- _Task requirements_:
All of the data should be output character for character, except the pictures.

- _Supplied information_:
◇ ◇ ◇

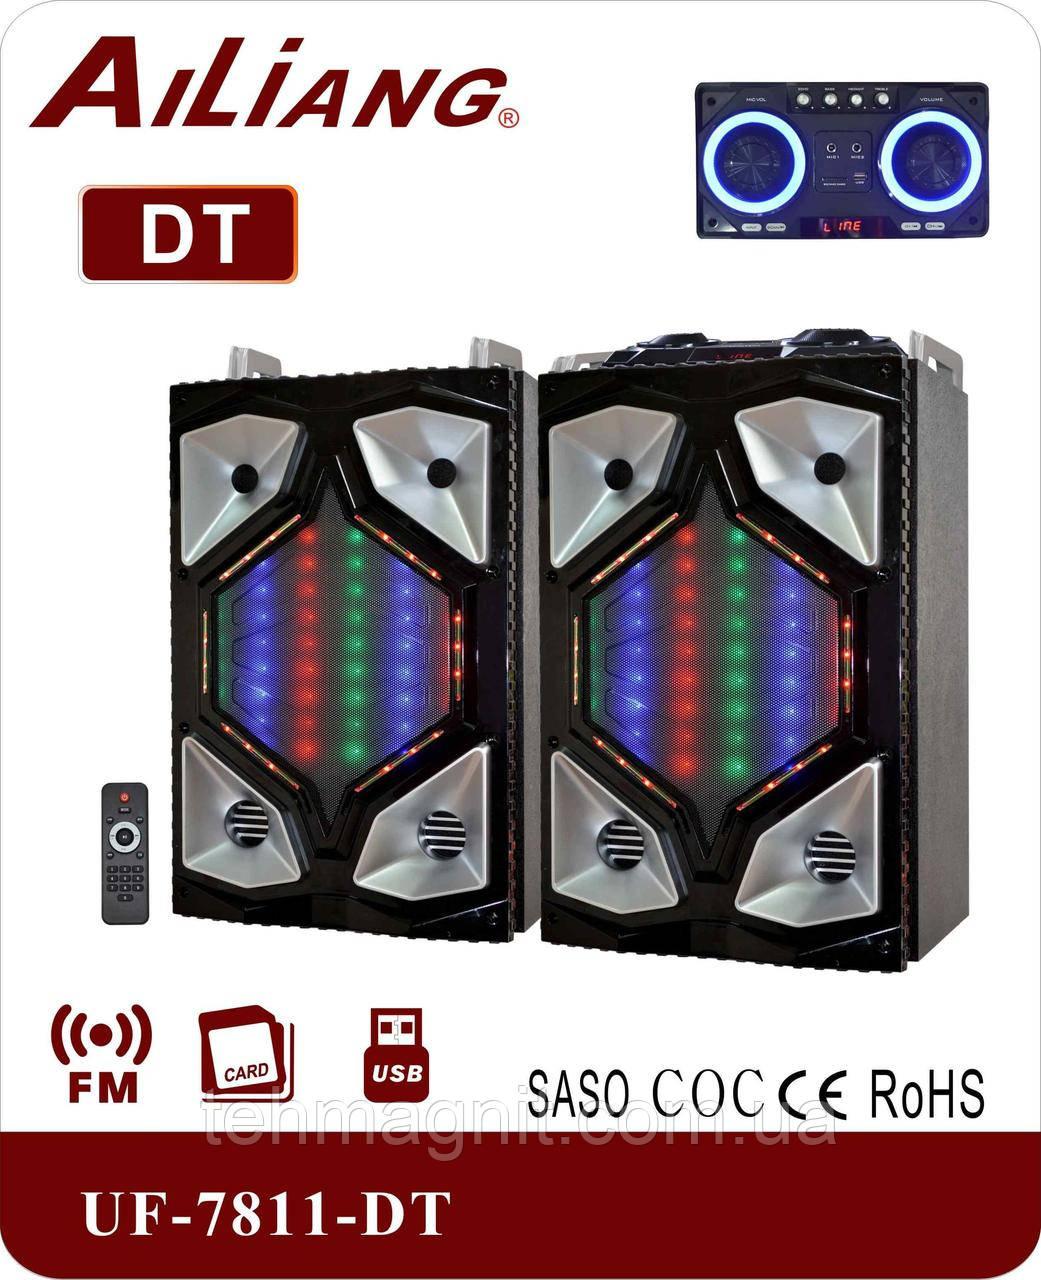 Активна акустична система AILIANG UF-7811-DT /2.1, Bluetooth, Пульт ДУ 200 Вт ( Репліка )
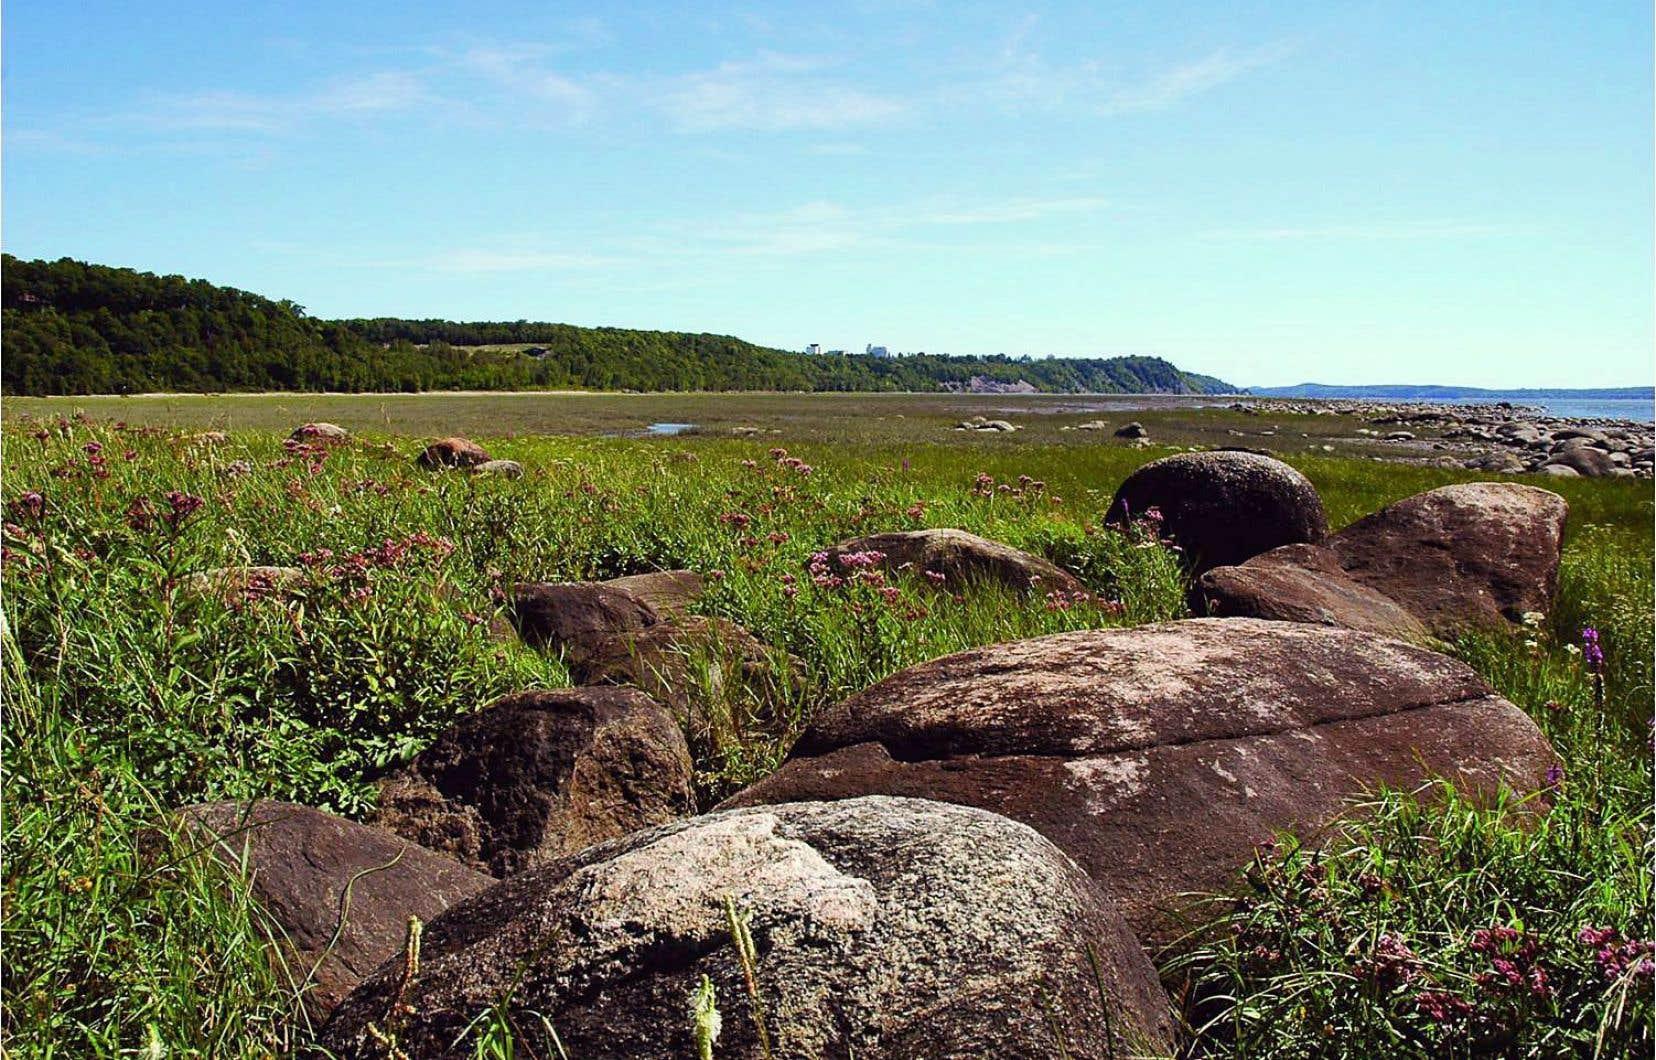 Le pipeline doit passer par la réserve naturelle des battures de Saint-Augustin-de-Desmaures, une zone abritant une biodiversité unique au monde.
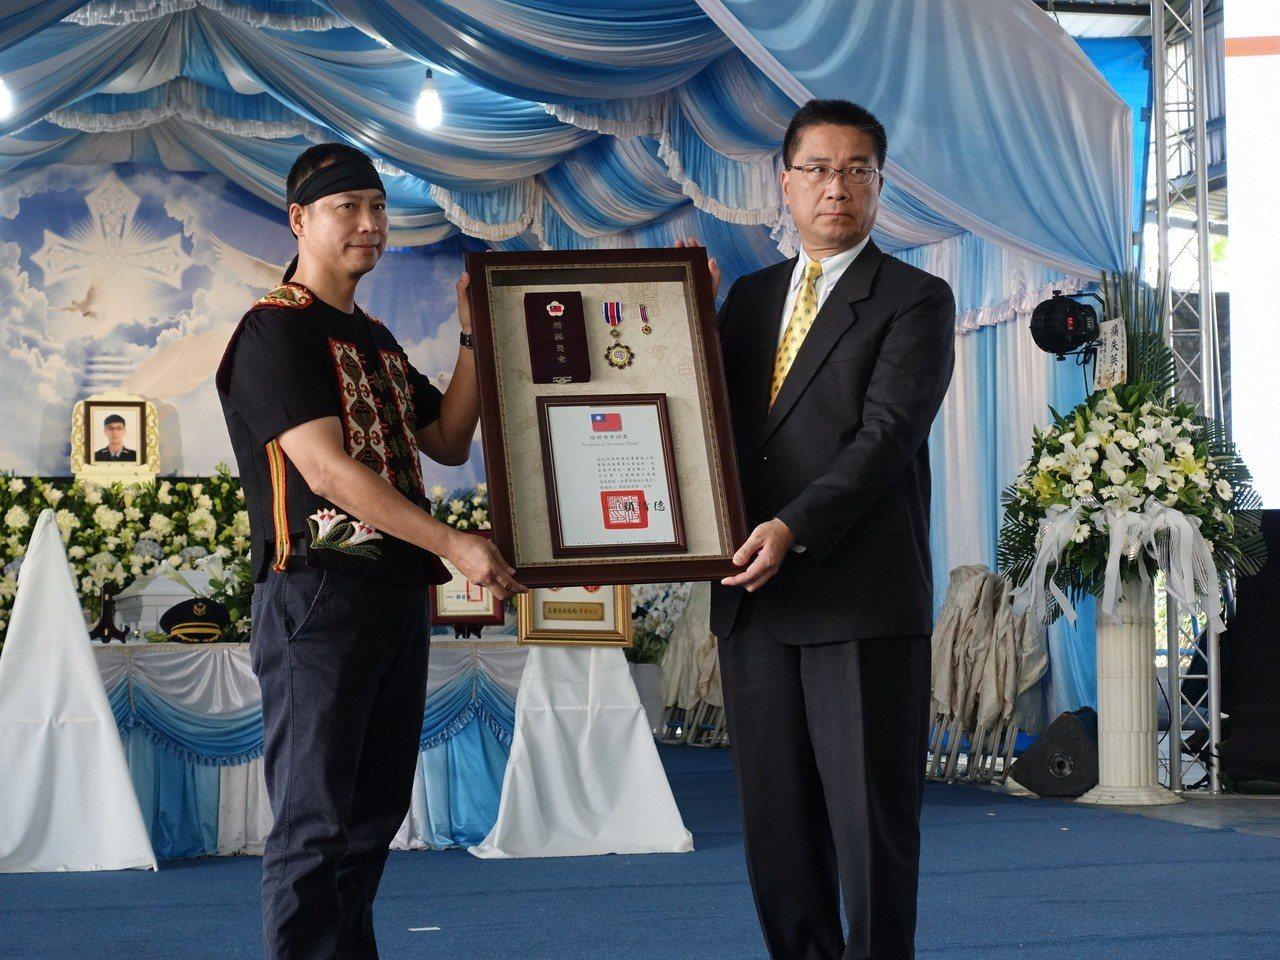 內政部長徐國勇代頒行政院追頒的三等楷模獎章。記者翁禎霞/攝影

◇ ◇ ◇

- _Your solution_:
 Активна акустична система AILIANG UF-7811-DT /2.1, Bluetooth, Пульт ДУ 200 Вт ( Репліка )
 Le pipeline doit passer par la réserve naturelle des battures de Saint-Augustin-de-Desmaures, une zone abritant une biodiversité unique au monde.
 內政部長徐國勇代頒行政院追頒的三等楷模獎章。記者翁禎霞/攝影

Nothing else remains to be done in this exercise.